— И вас, Лопес, Нирмана, Мо. А вот тебя, Зандли, не очень.
И идет прямо по направлению к епископу, через силу перебирая ногами. Хочется уже лечь на круглые мягкие кровати Старших Сестричек — и можно даже без самих Сестричек под боком, потому что у Рида сейчас хватит сил только на то, чтобы положить голову на подушку и усну…
Осознание добирается до нужных долей мозга, злобно похихикивая.

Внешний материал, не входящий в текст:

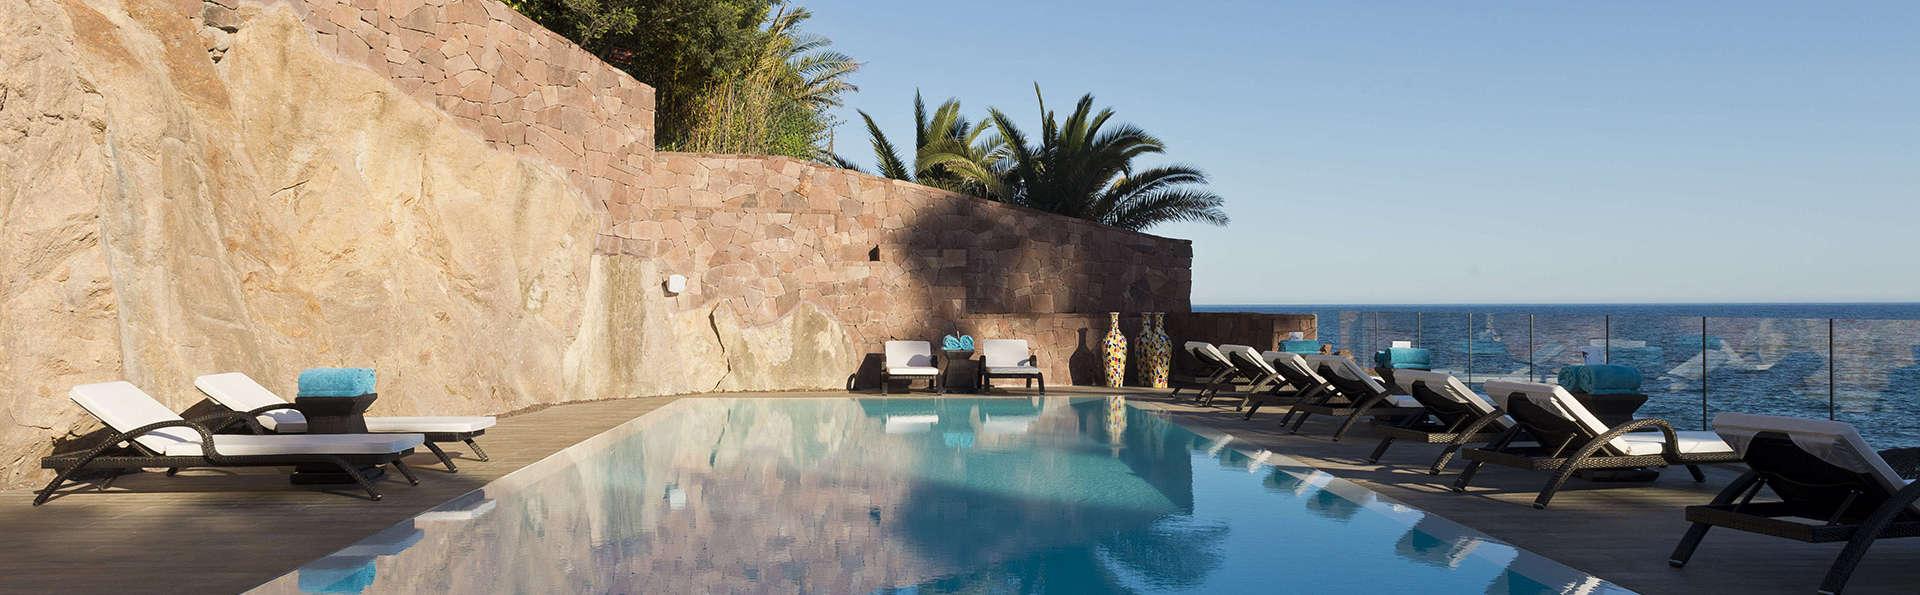 Best 25 Hotel La Plage Ideas On

Рид запинается нога об ногу и чуть не летит вниз, на расшитые тиграми, львами и павлинами подушки.
Но удерживается на ногах.
И не удерживается от восклицания:
— Да какого же черта, мать твою!
Салим, на которого он чуть не упал, даже не бьет его: только ухмыляется себе под нос, потому что ему, видать, смешно.
— Ты! — возмущенно тычет он пальцем в живого, невредимого и попивающего бамбузе из бамбуковой толстой плошки Хитреца Мо. —
— Какой ты наблюдательный, — с кислой рожей отвечает Хитрец Мо. — Да это же и вправду я.
Он все тот же: мышиного цвета волосы, уложенные на один бок, проколотые с двух сторон уши, узкое лицо, еще больше сужающееся к подбородку, хитровыебанное выражение, будто он здесь знает больше всех. В девяноста девяти случаях из ста это неправда.
И он —
ну…
— Я тебе врежу, — тут же сообщает Рид, выпрямляясь.
— Не врежешь, — показывает ему средний палец Мо.
Три года вообще никак не отразились ни на гладком лице, ни на гадком характере. Характер этот, считал Рид, можно было описать простым девизом: «Сделай все назло Эйдану Риду».
— Врежу!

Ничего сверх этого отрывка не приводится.